Шрифт:
Интервал:
Закладка:
А что у меня? А у меня тоже сын, лягушонок когда-то, а сейчас верста коломенская, жеребенок голенастый, и вообще – мудрейшее создание в подростковом варианте.
Дружим пока, а это обязывает на равных. А значит, надо было спросить, хотя бы так, хотя бы в шутку:
– Знаешь, Санька, вот возьму и рожу тебе сестричку?
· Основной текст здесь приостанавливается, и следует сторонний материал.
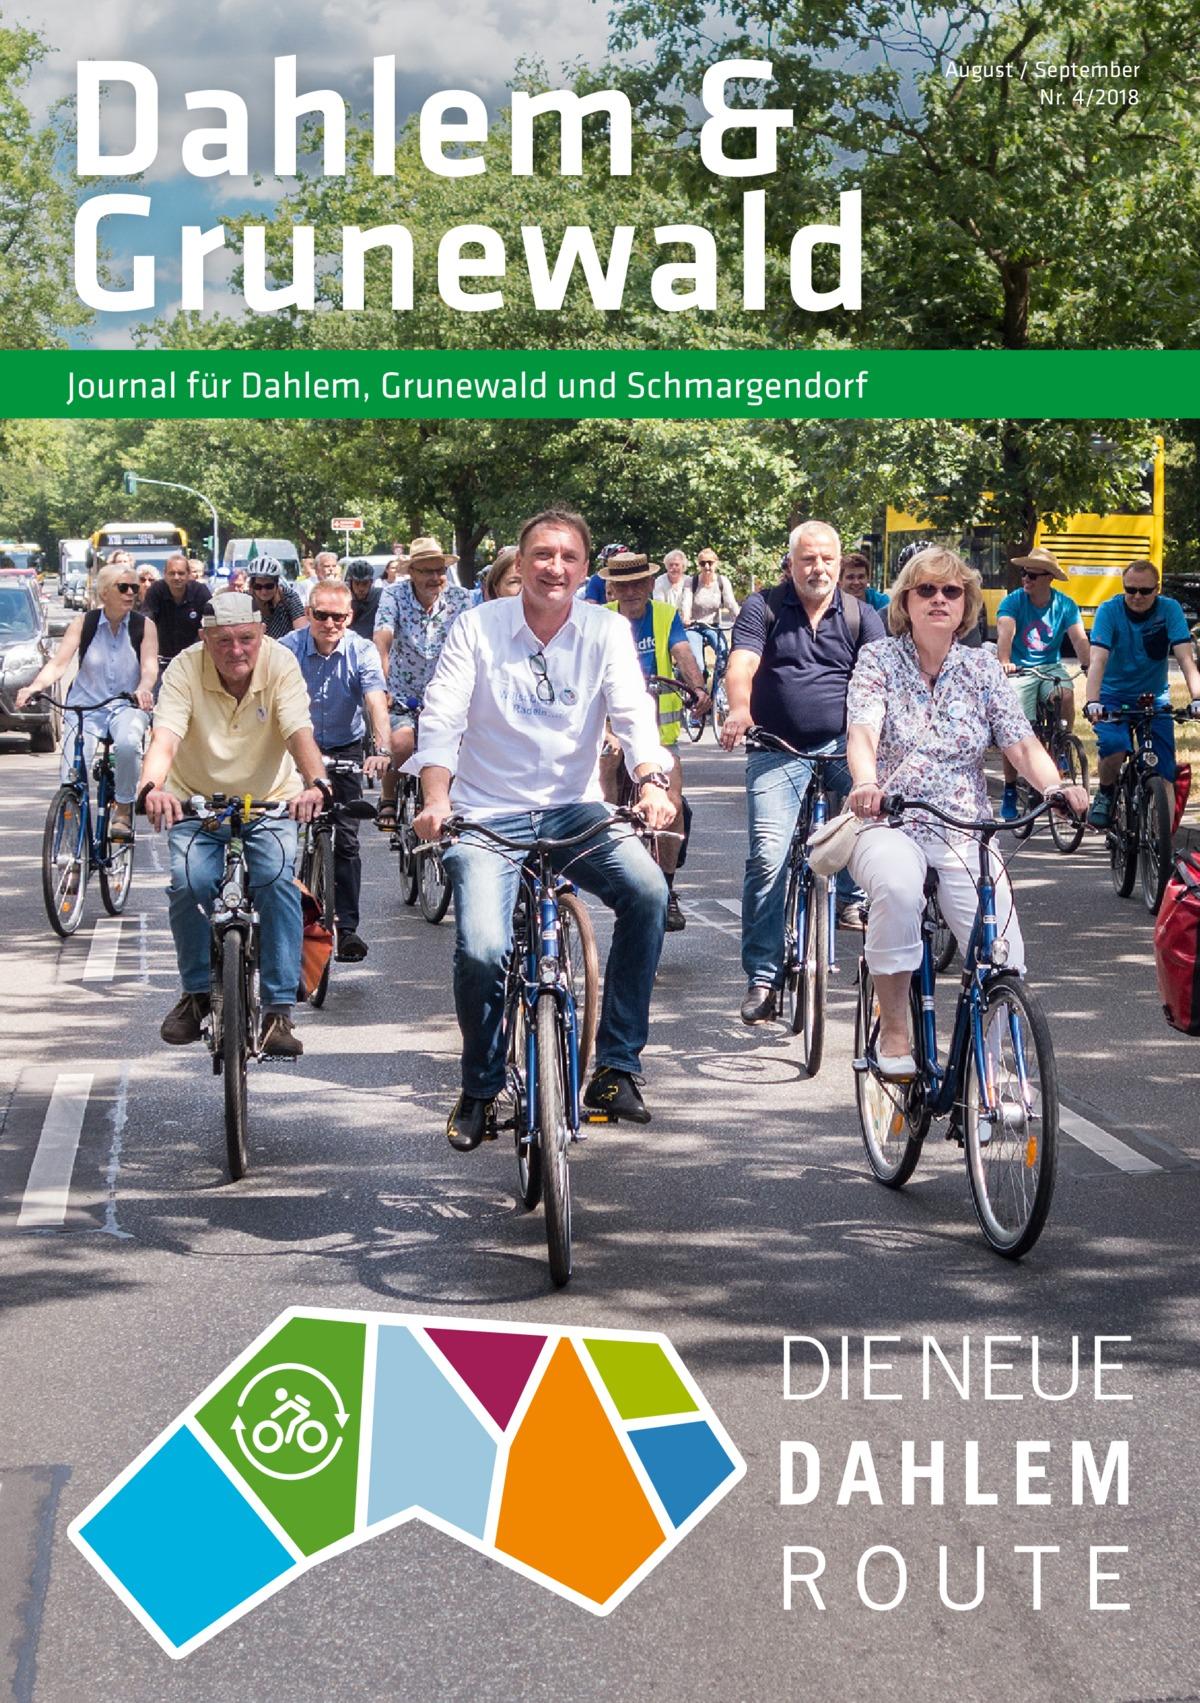 Dahlem & Grunewald  August / September Nr. 4/2018  Journal für Dahlem, Grunewald und Schmargendorf  DIE NEUE DAHLEM ROUTE

Невозмутимое мое и уже слегка усатое чадо чуть подумал и возразил:
– Замуж не идешь, а родить собираешься?
– Ну и что же! – с вызовом уже. – Разве так не бывает?
– Бывает. Только я думаю, что у ребенка должен быть отец.
Хлестанул. Впрочем, ему виднее на собственной шкуре.
Быстрый извиняющийся взгляд – и в сторону глаза.
Жалеет. А что же делать, сыночка, если судьба послала любимого, да чужого? «Да минует тебя чаша сия!»
Имею ли право оторвать его от своего, уже рожденного ему другой женщиной? Вот и думай тут, стенка больничная!
Какой шаг грозит взрывом? Не проще ли обезвредить запал!
Вот койки уже обжиты, очередь за топчаном. Вспрыгнула на него худющенькая девчонка: ножки – палочки, сама моща – мощой, а шустрая! Сбегала в соседнюю палату к «аборигенам», чай организовала. Молоденькая совсем, а на все ловкая, легкая. К ней не придут: муж в командировке. Хвастает, что лежать долго не собирается, некогда, потому и на топчан не в обиде, и что не придут не в обиде – так задумано. А вот эта от окна не отрывается – ждет. Все уже знают, как у них с мужем хорошо и какой Костик у них растет славный, крепкий. Муж обещал после работы картошечки отварить. Живут напротив. И картошечка приходит, и селедочка к ней, а вот чай с малиной не доставил недогадливый мужчина, и он отправляется во второй рейс, а вся палата вкушает щедрые угощения. И молодая жена так и светится радостью.
Чему она радуется? Ведь завтра у нее не будет второго ребенка!
И у меня завтра не будет второго ребенка. И ко мне не придут. Хоть бы мать эти два дня без «скорой» выдержала! Только и запомнились преданно-беспомощные глаза ее:
– Если бы я могла тебе помочь!
– Лежи уж! Если бы ты могла мне помочь, мне бы сам черт не страшен был.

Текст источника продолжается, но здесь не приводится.